Вот если бы это был Алан… Но она сама посмеялась над своими мечтами. Спасибо и на том, что он пытается сделать для нее. От скуки. Последнее слово ее внутренний голос произнес с большим нажимом, разбивая в дребезги неуместные мечты.
А герцог тем временем достал из пространственного кармана бутылку отличного вургунского вина.
– Позвольте угостить вас! – широко улыбнулся мужчина. разливая содержимое по бокалам для воды. Фужеров на столе не было. – У нас все-таки сегодня праздник!
– Праздник? – хозяйка недоуменно склонила голову на бок, разглядывая мужчину, которого сама, не подумав, усадила во главу стола. А он словно там и должен был сидеть изначально.
– Праздник! – утвердительно кивнул, хитро прищурив свой здоровый глаз. – Мой первый рабочий день. А завтра в девять утра я объявил для арендаторов общее собрание. Хочу, чтобы они выслушали мои соображения и внесли свои предложения. И было бы здорово, если бы вы там присутствовали. Для большинства арендаторов я все-таки посторонний человек.
– А Верес? – растерялась она.
– Так уж и быть, – тяжело вздохнул управляющий, – пусть с Брином поиграет. Я думаю, ваше выступление долго не затянется, и вы сможете вернуться к ребенку.
К 9 утра, как и было запланировано, собрались все арендаторы. Марьяна неожиданно для себя поняла, что их количество значительно уменьшилось с той поры, когда она принимала наследство. Графиня особо в дела не вникала, полагаясь на честность управляющих. И только сейчас начала понимать причину своего, чего греха таить, бедственного положения.
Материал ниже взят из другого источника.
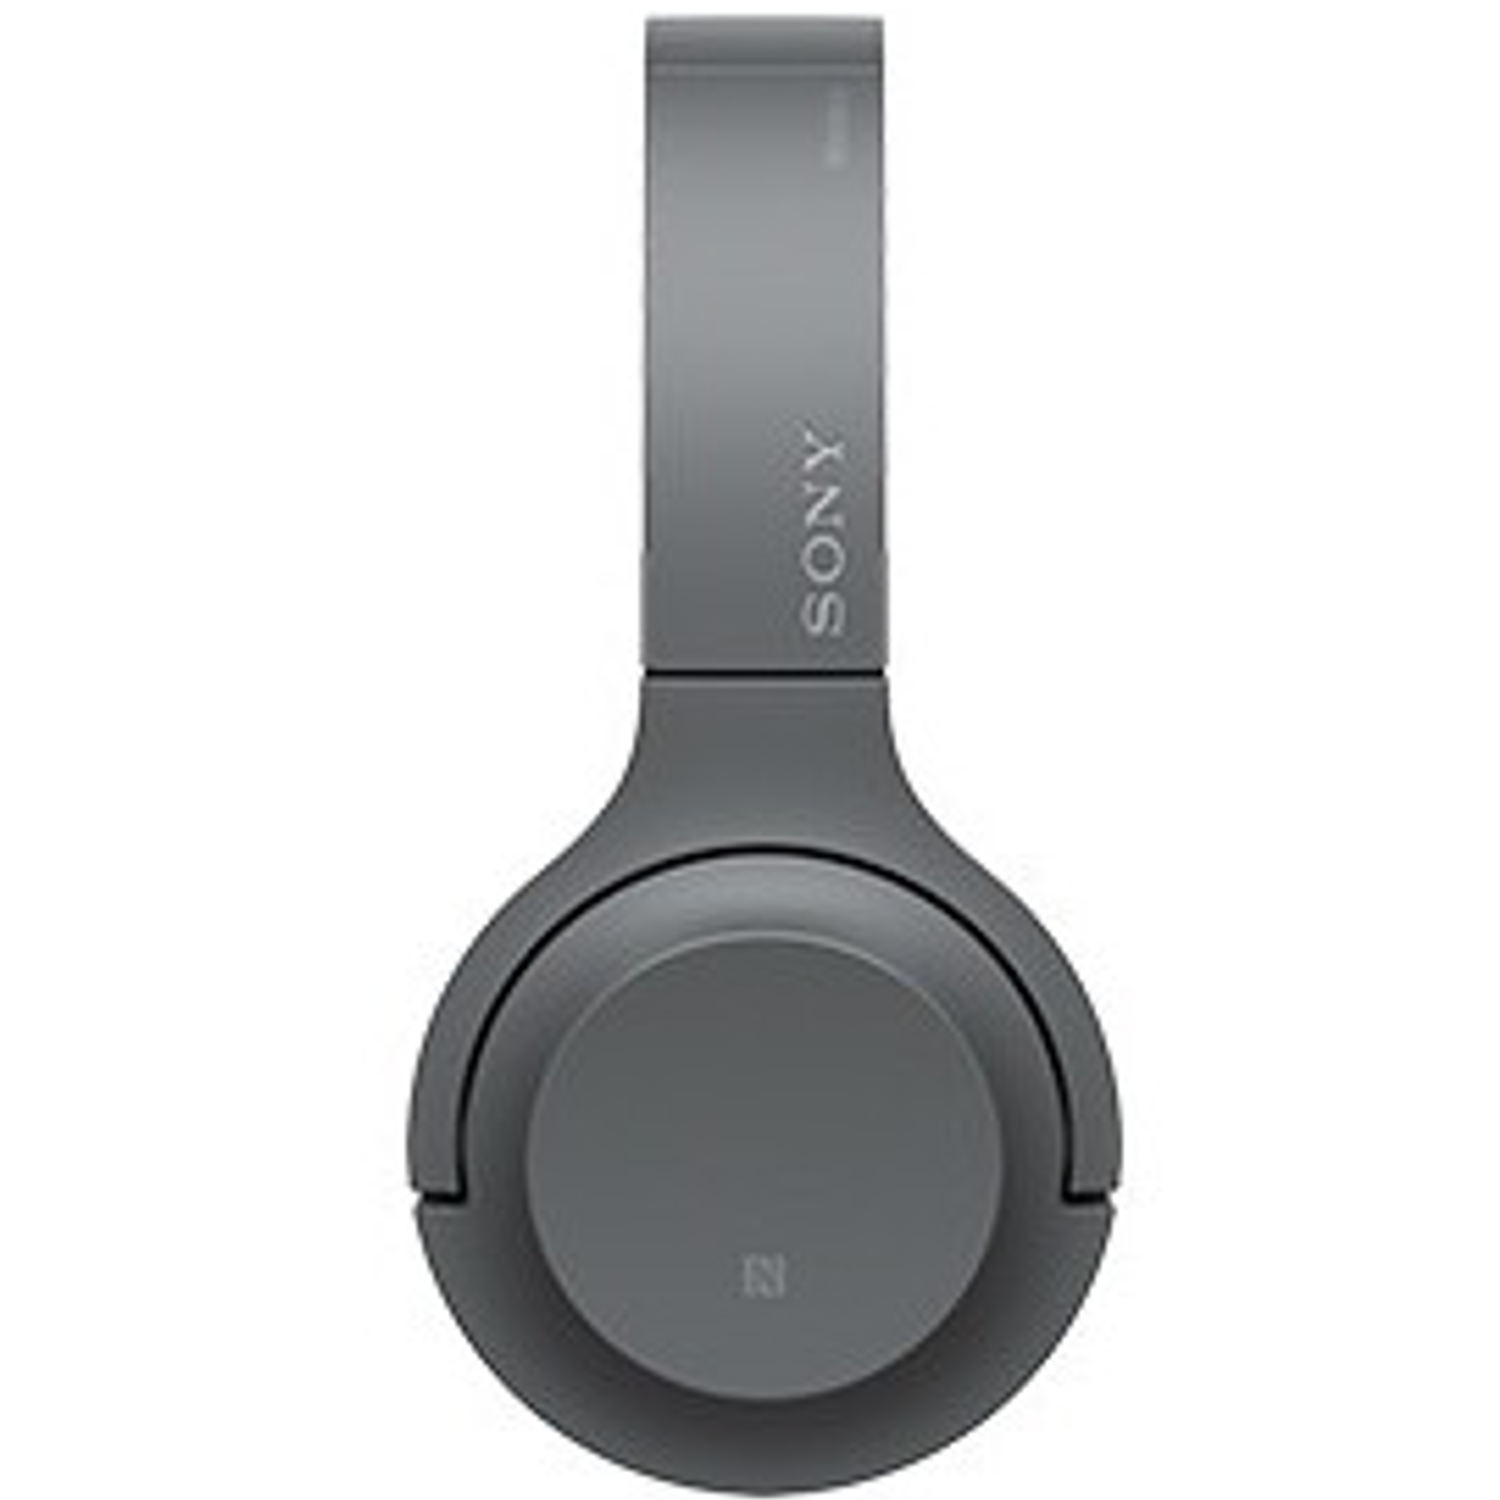 Sony Wireless Headphones - 2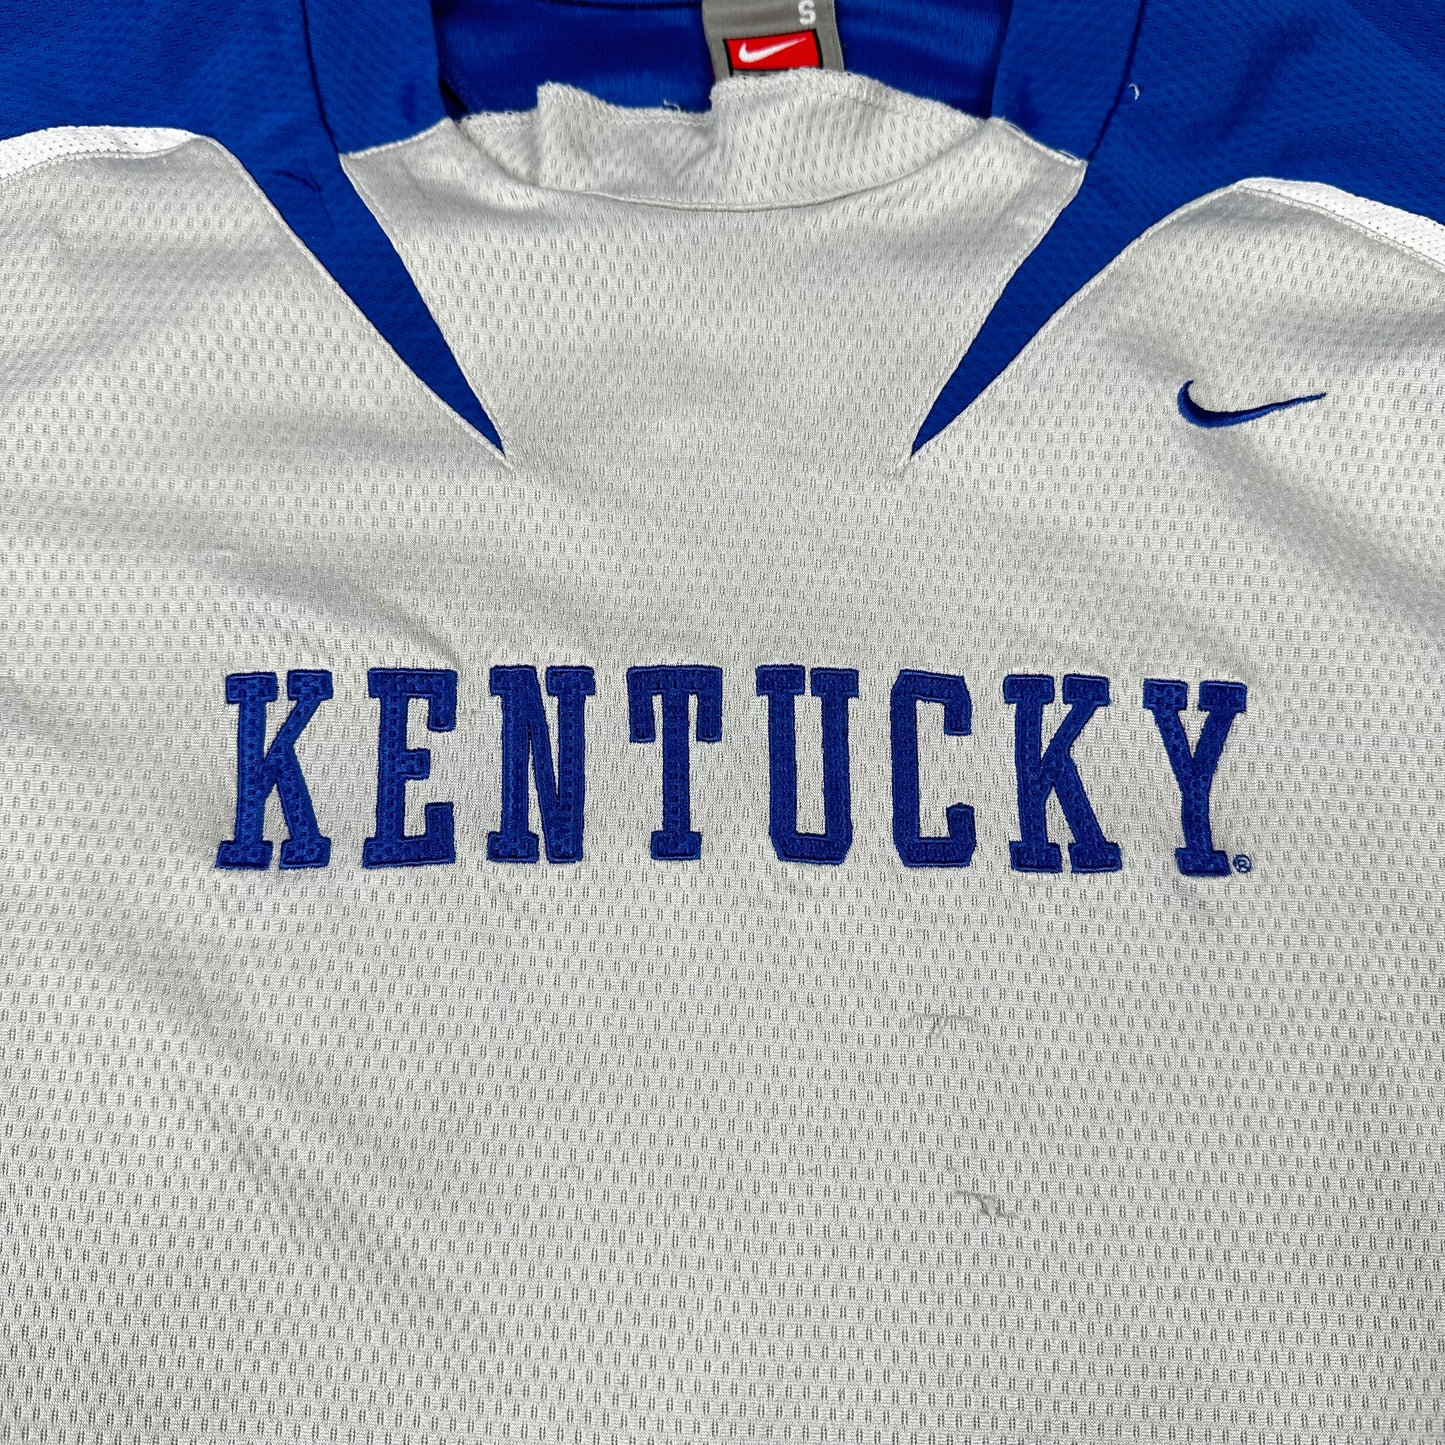 University of Kentucky Nike Athletic Tee

– Пожалуйста, представь меня официально! – негромко попросил Алан, наклонившись к ее уху и как-то странно волнуя душу горячим дыханием. Только необычные чувственные посылы в данной ситуации совершенно неуместны.
Марьяна глянула на него из-под ресниц, понимая, что Гольденброук прав в главном: если управляющего представляет хозяйка, этим самым она высказывает одобрение и доверие новому работнику. И арендаторам приятнее, что про них не забывают. Тем более, что в поредевших рядах практически не осталось мужчин. Прошедшая война унесла много жизней, как, впрочем, и по всей стране. И на смену мужьям встали женщины. Только дети, домашние хлопоты и другие причины не давали им в полной мере заниматься еще и сельским хозяйством. Родив Вереса, женщина понимала это как никто другой.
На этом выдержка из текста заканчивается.